Unfortunately, this theoretical market model does not actually exist in the real world. Like in physics, where a theory requires a frictionless environment, there can be no application of this theory until the limitations of the model have been addressed. And the most serious of these limitations for the perfect market are the product comparability and the complete information available to the customer.

By consciously manipulating these two criteria of a free market, all firms in the market are able to avoid a state of true competition that would produce the most efficient allocation of services and are able to artificially inflate the value of the commodity, hence producing more profit for each firm in the market. This is not meant to sound like a conspiracy because indeed each firm does not need to meet in back rooms with the other firms in the market and all agree to limit customer information and the comparability of their products. They each simply need to aspire to the great marketing ideal of product differentiation, a concept that is fundamentally designed to artificially eliminate direct competition by removing direct comparability.

The power of product differentiation, through its ability to remove comparability and create an information gap to distort what could be a perfectly competitive market, can be demonstrated by the case of the term life insurance market in the US in the late 1990s. There was a mysterious and dramatic drop in prices across all firms that did not correlate to price drops in other forms of insurance, which themselves were steadily rising. 

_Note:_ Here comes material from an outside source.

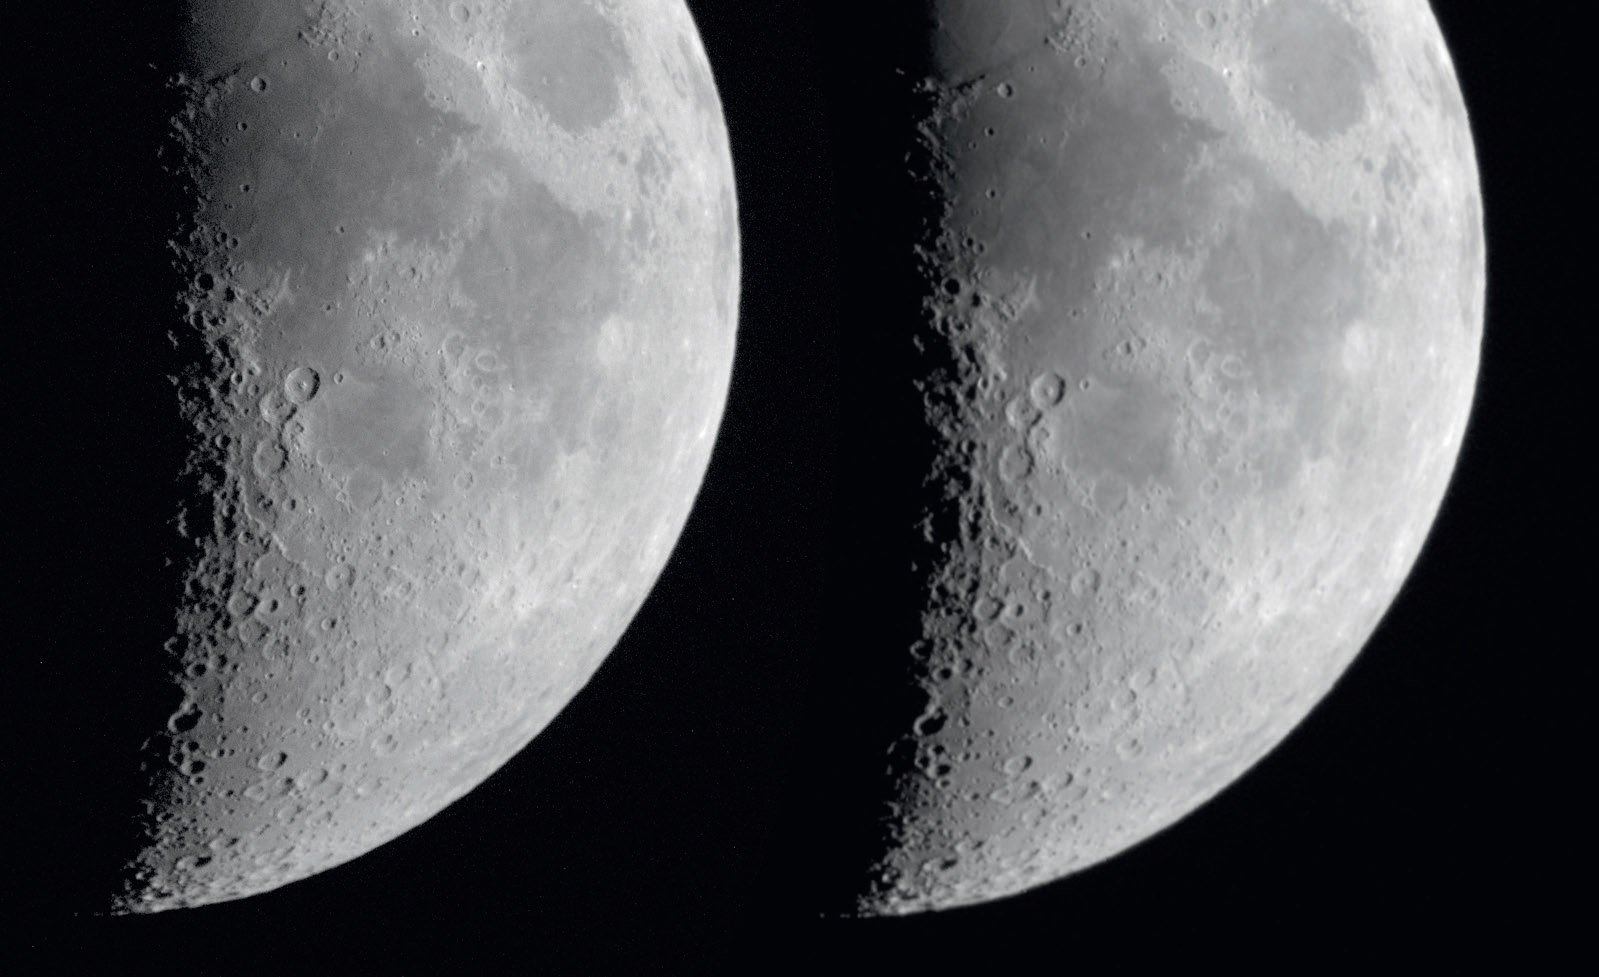 Efekt działania reduktora można bardzo dobrze zobrazować na przykładzie bardzo krótkich ekspozycji Księżyca. Po lewej zdjęcie Księżyca przy f/12,4 a po prawej z reduktorem przy f/6,7 z tym samym czasem ekspozycji i aperturą. Zdjęcie wykonane z reduktorem zostało powiększone aby wyrównać skalę obrazu. M. Weigand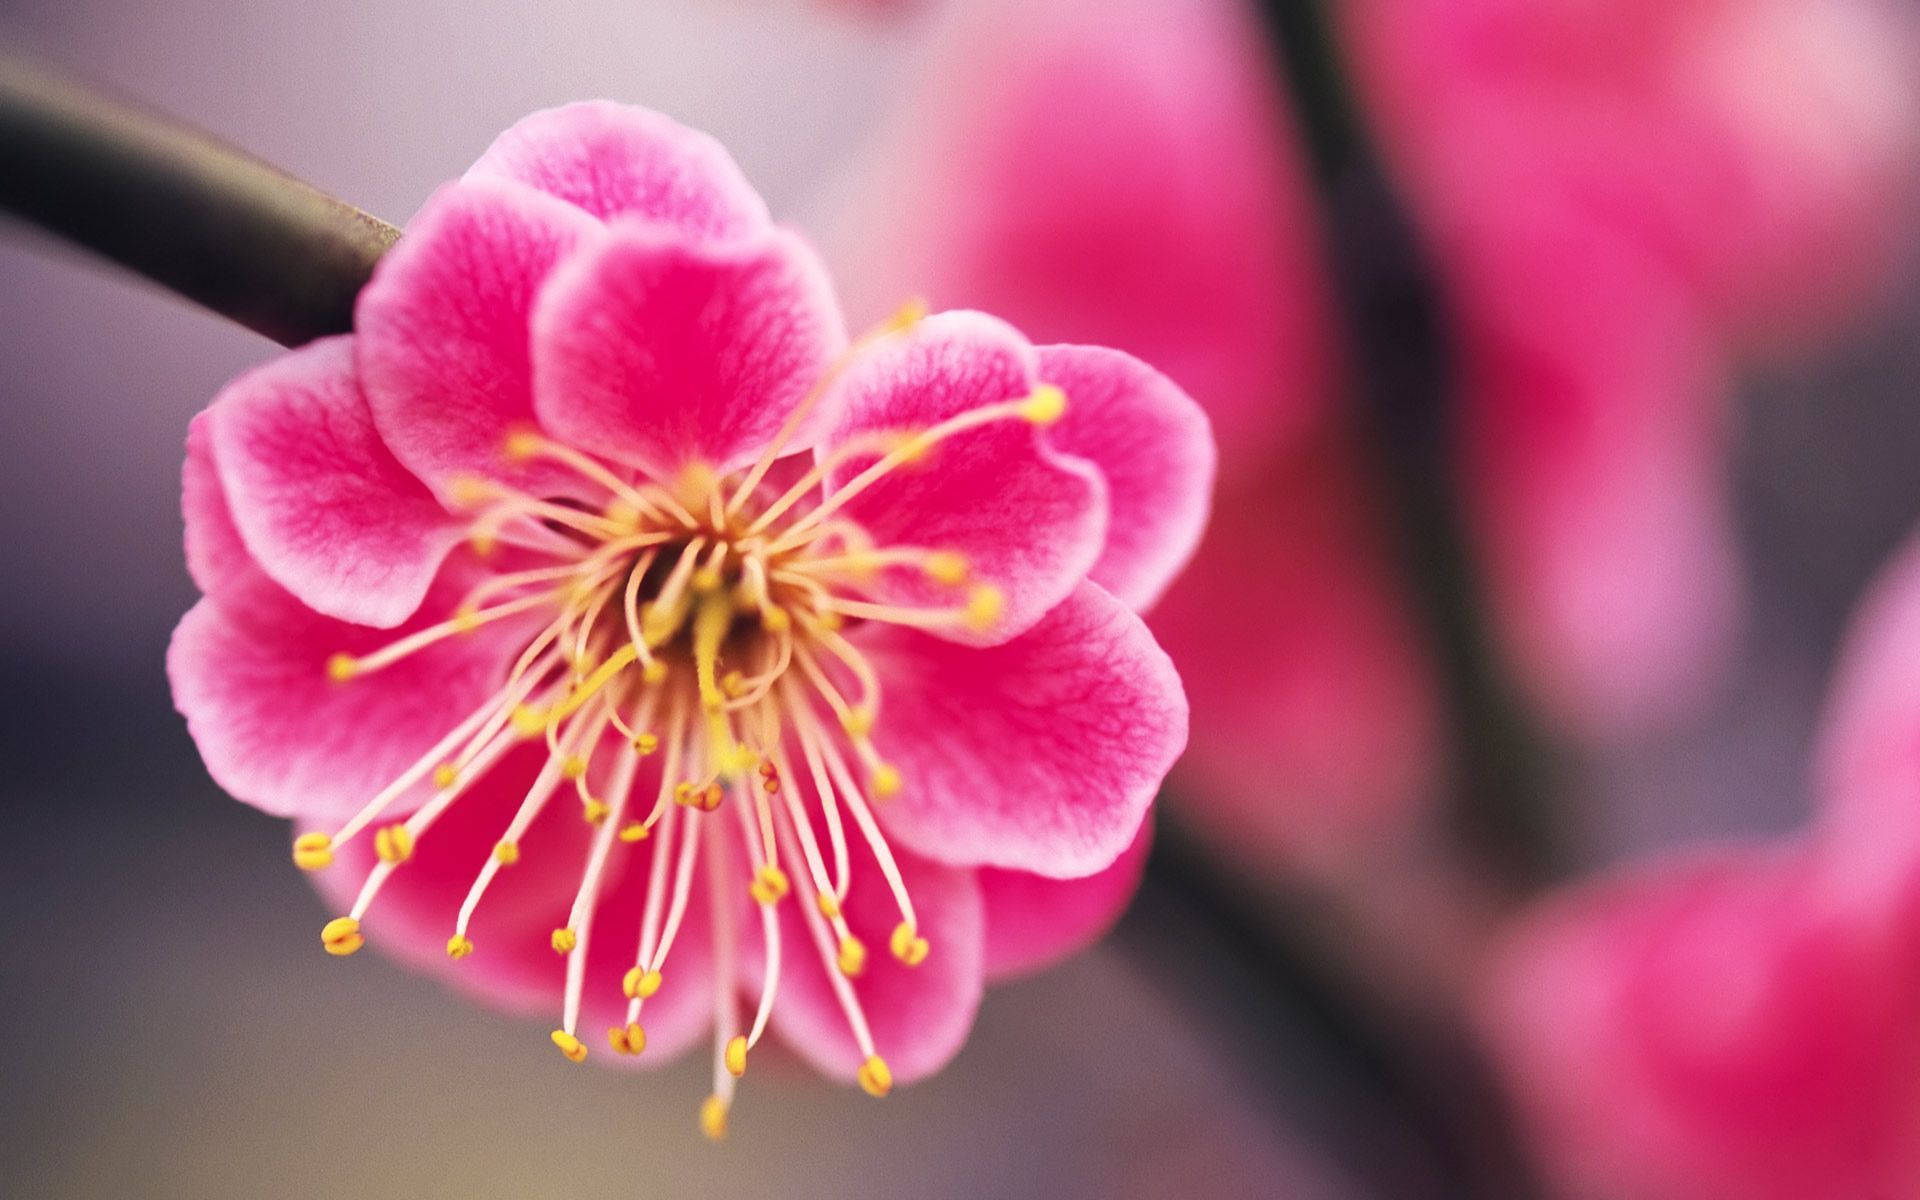 Cute Pink Flower Of Plum Tree

According to economist Steven D. Levitt, this can be attributed to the realisation of a perfect market through the power of the internet. Although term life insurance policies had been quite homogeneous before this period of time, the process of shopping around for the cheapest price had been convoluted and time-consuming, whereas websites such as Quotesmith.com suddenly made the process almost instantaneous. In just a few years, the value of the term life insurance market in the US had dropped by USD$1bilion because of the new-found ease of comparability. What insurance firm would want this to happen? Even if you were a small player in the market, say a 1% market share, your turnover had just dropped by $10million. It is perhaps one of the great recent examples of the power of perfect competition in allocating resources efficiently, yet possibly one of the greatest blunders by the insurance industry.

Let us now return to the Australian telecommunications market. It is quite possible at the moment, that no two companies offer an identical phone or internet plan. The process of comparing the plans to find the best deal is currently convoluted and time-consuming (much like in the previous insurance example), and the products have been differentiated in seemingly all possible ways. Recent websites are attempting to remove this information lag and do the comparison with a double click, but may only be adding to the confusion as telecommunications providers further differentiate their products through packages and bonuses, and modify their plans more frequently in the name of incomplete information.

Imagine now if all firms in this market offered the same three identical plans - a low use package, a mid use, and a high use, all with identical call rates, fees, contracts and download quotas. What would happen to the market? Would, as in the case of term life insurance, prices plummet and leave the market with a dramatically decreased total value? If we are to believe in the ideas of Adam Smith and other advocates for more competitive markets, the answer must be an astounding yes. The real catch to this whole affair is that more competitiveness would only benefit the customers, and not the powerful and influential telecommunications firms, and not the federal government.

For the ideals of the Howard government of revenue raising through privatisation of public assets to make any sense, you must believe that in private hands, the markets will work competitively and hence benefit the customers, also know as the Australian people. But evidently, it will not.